__Goal of the exercise__: A letter-for-letter copy of the listing is required, with no pictures in it.

▬▬▬▬▬▬▬▬▬▬

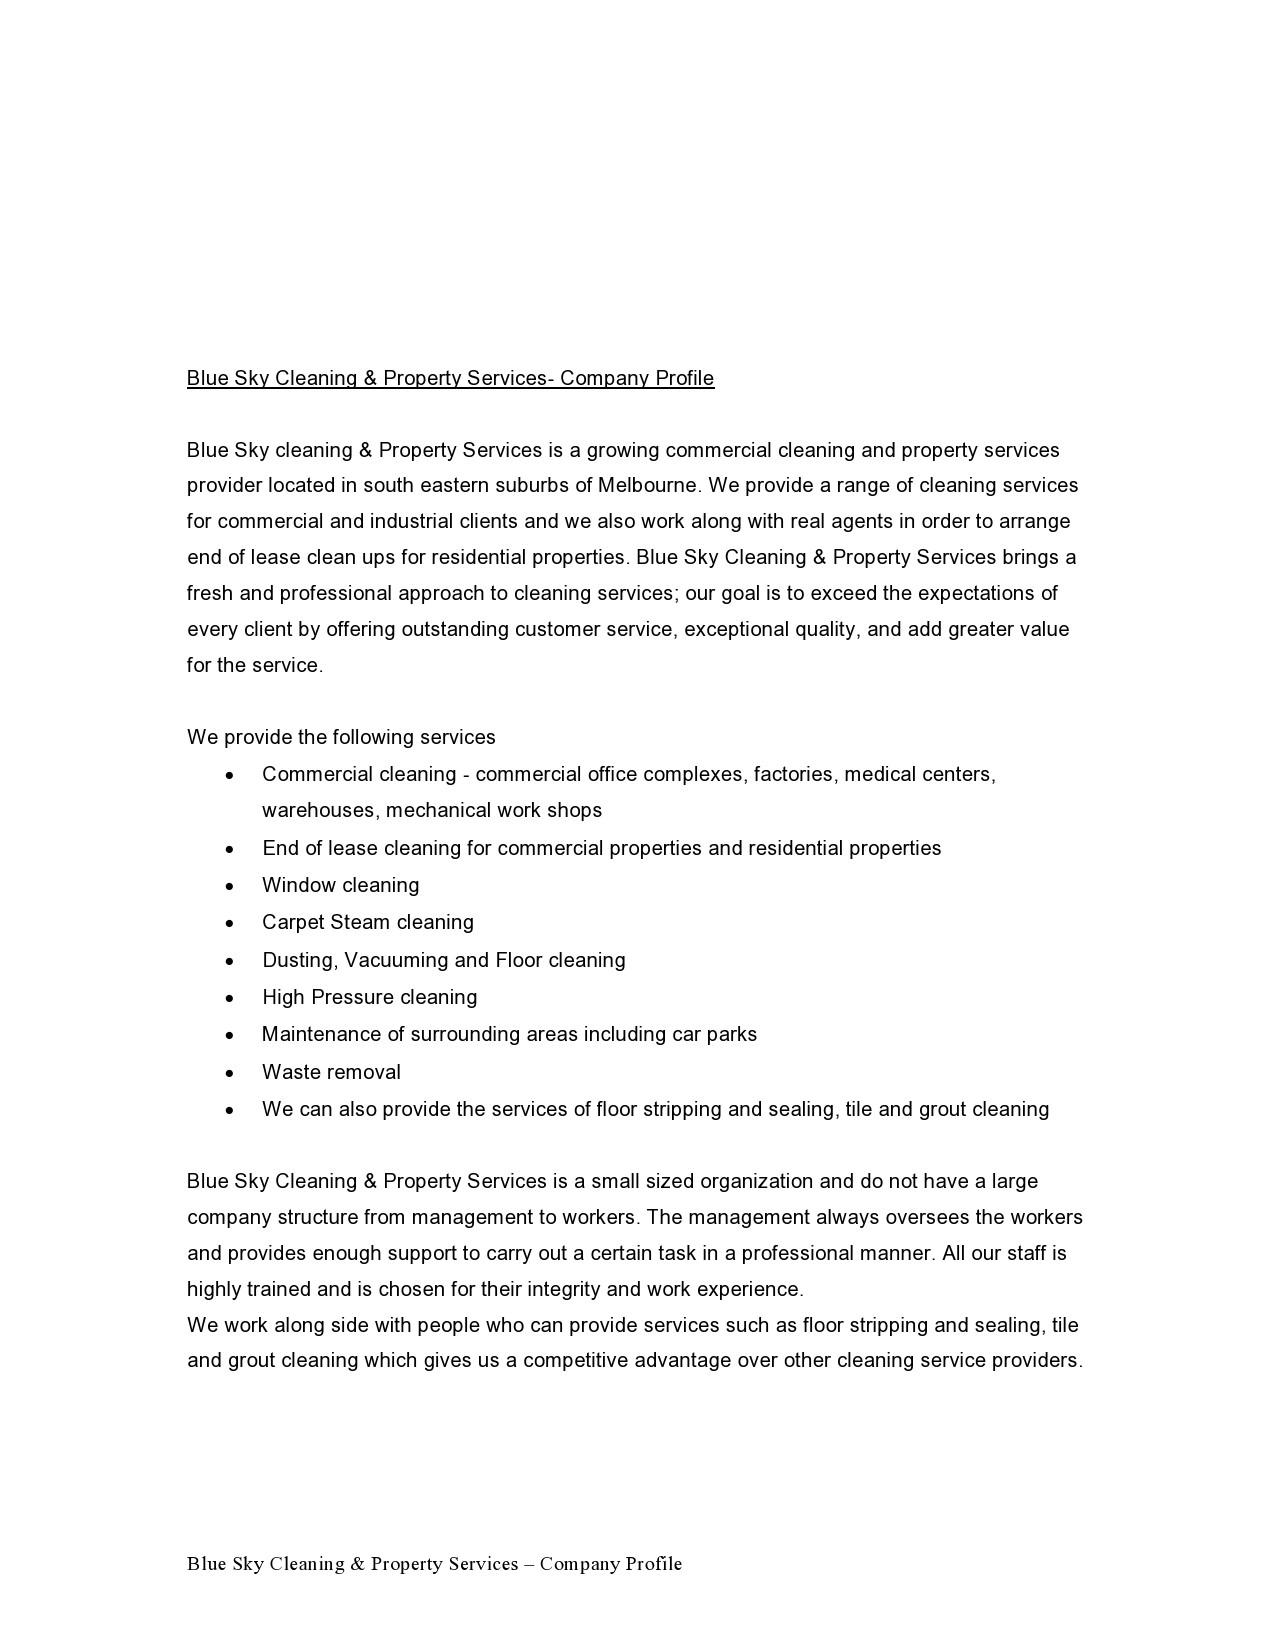 Free company profile template 29
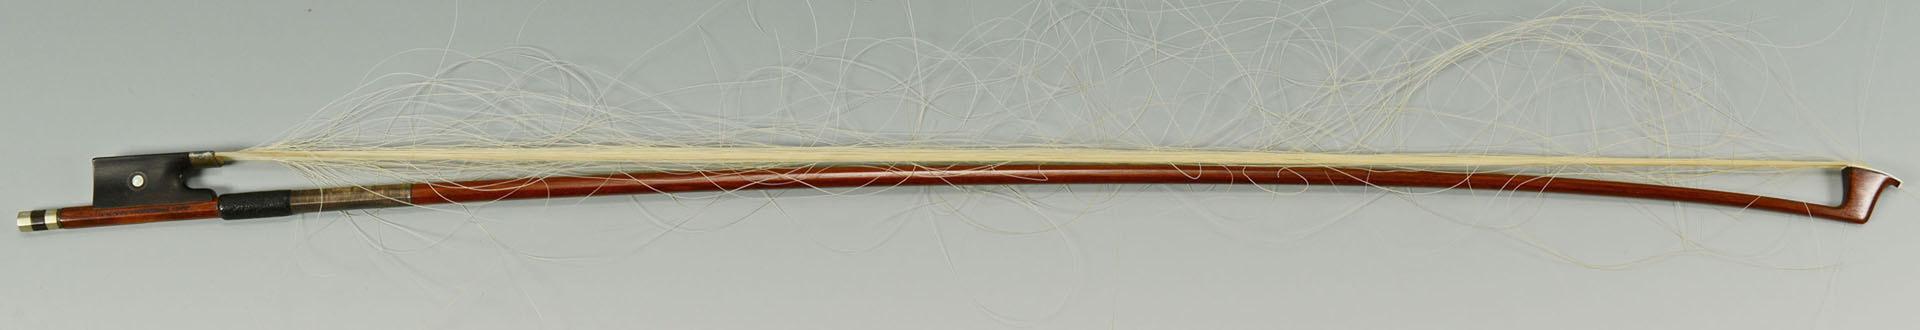 Lot 686: John Friedrich Violin bow
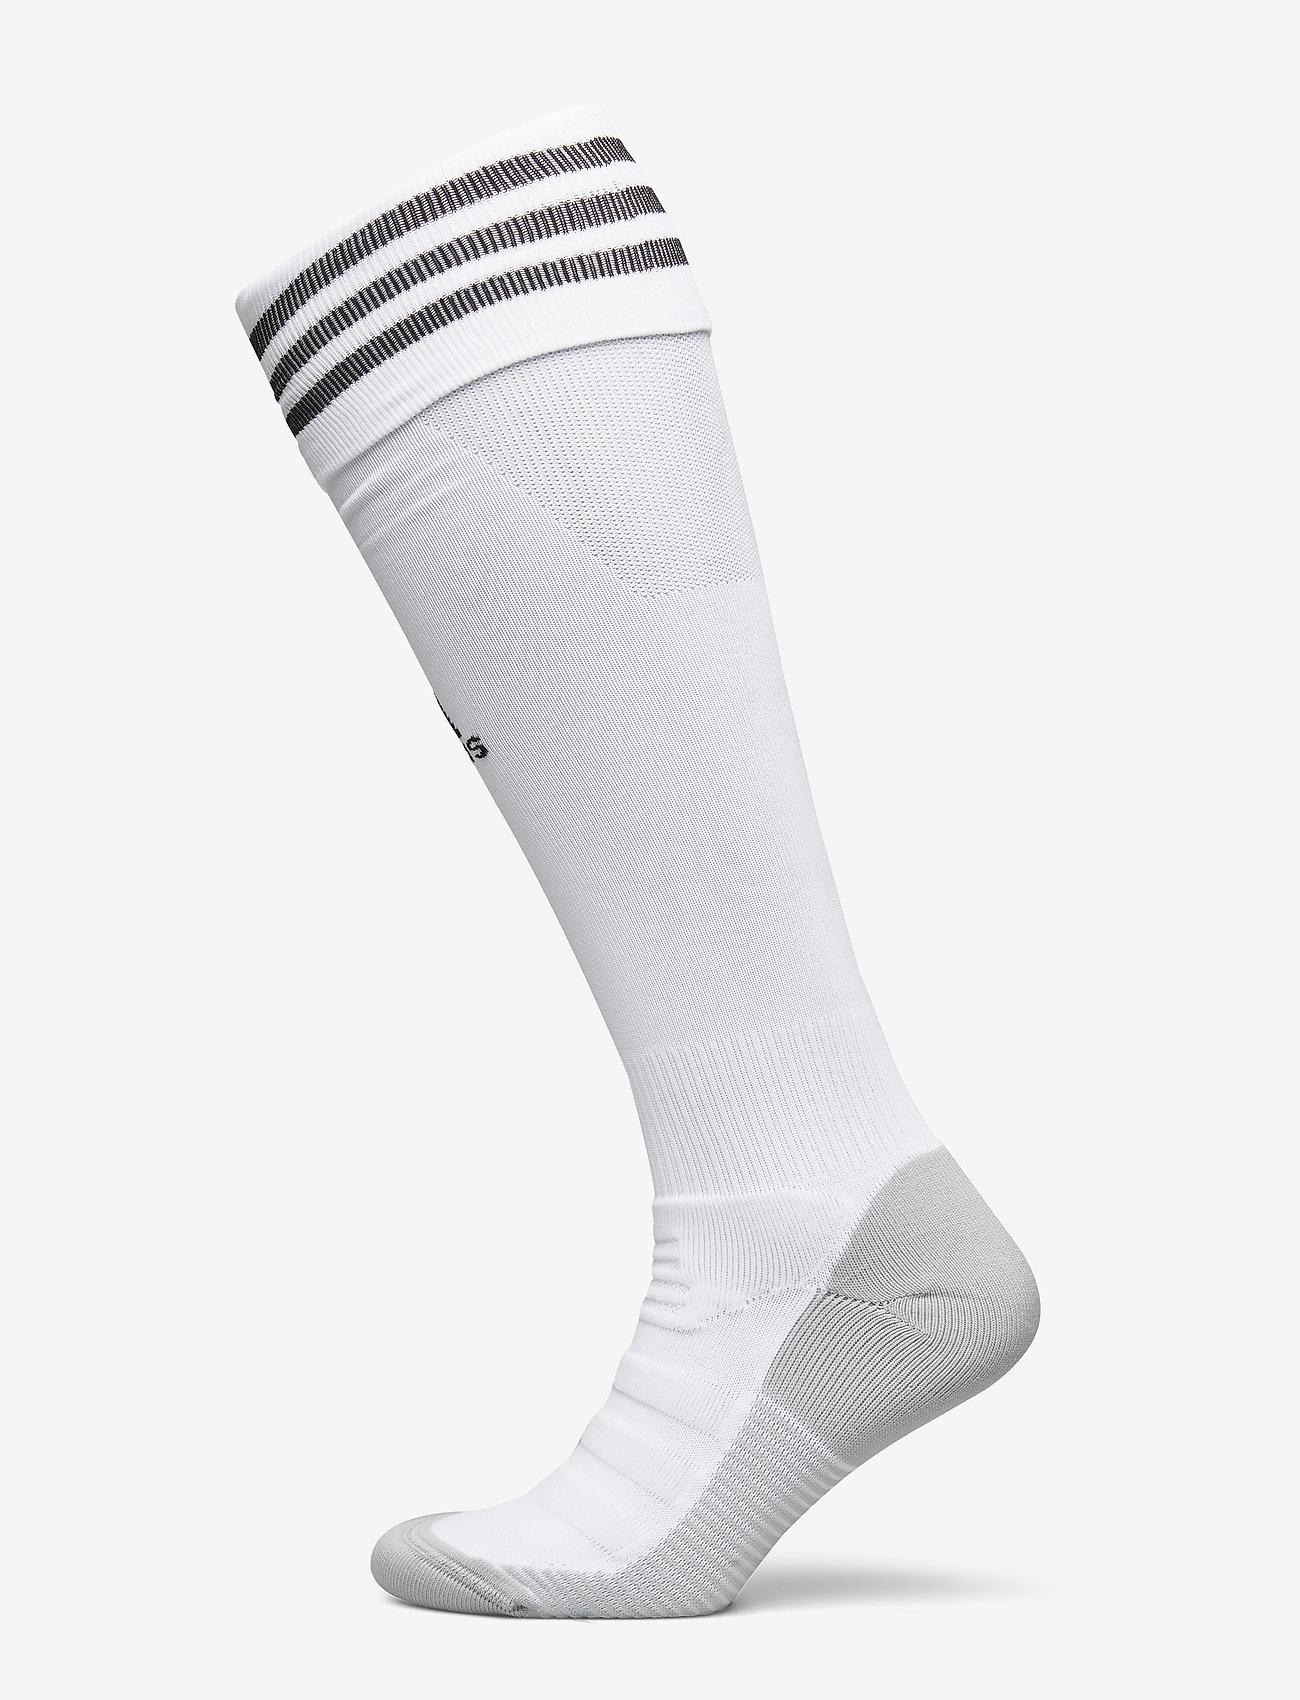 adidas Performance - ADI SOCK 18 - fußballsocken - white/black - 0
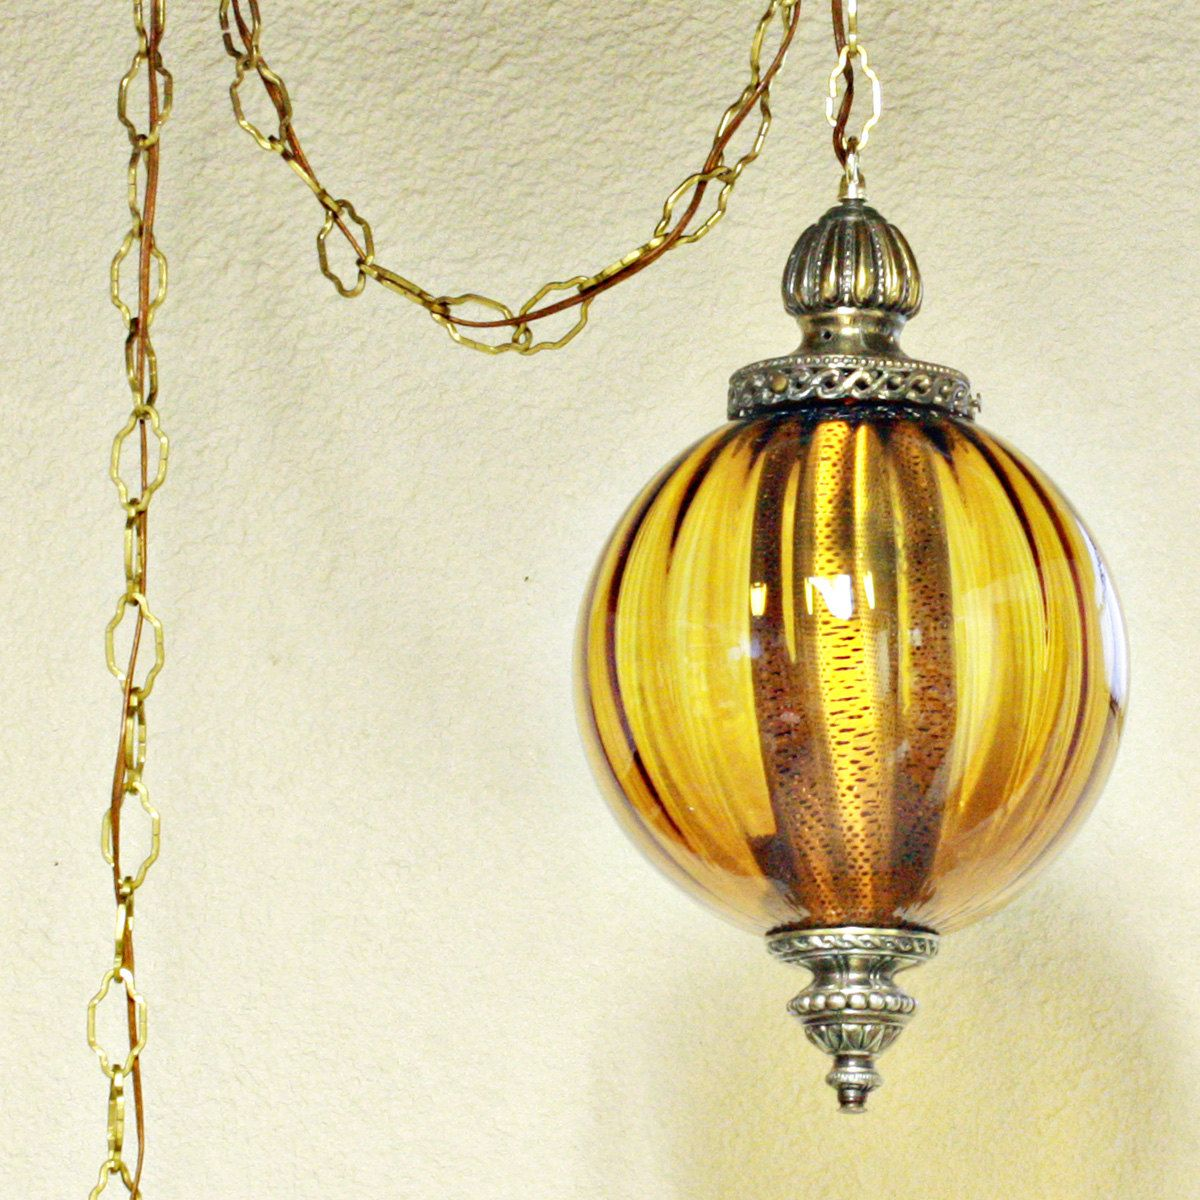 vintage hanging light swag lamp hanging lamp amber globe chain cord pendant light orange
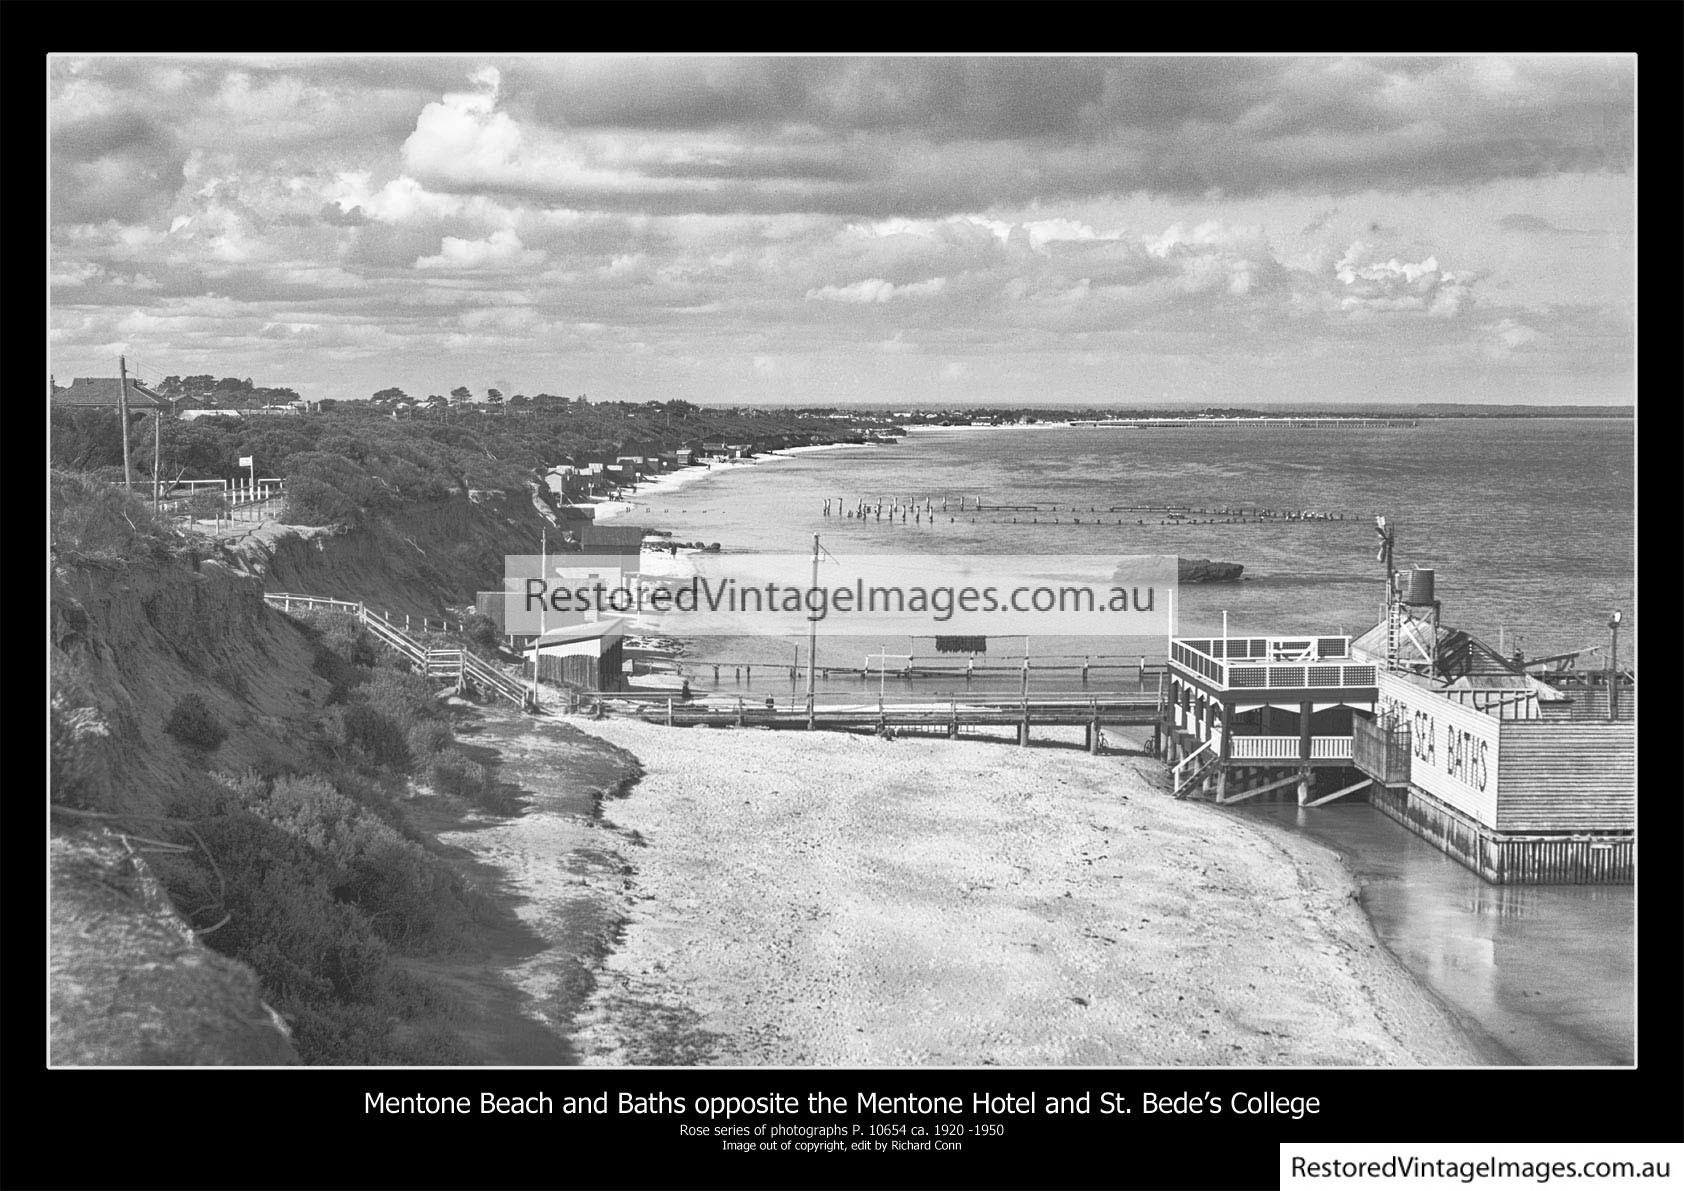 Mentone Beach And Baths By The Mentone Hotel

▬▬▬▬▬▬▬▬▬▬

__Task response__:
 Free company profile template 29
 Lot 686: John Friedrich Violin bow
 adidas Performance - ADI SOCK 18 - fußballsocken - white/black - 0
 vintage hanging light swag lamp hanging lamp amber globe chain cord pendant light orange
 Mentone Beach And Baths By The Mentone Hotel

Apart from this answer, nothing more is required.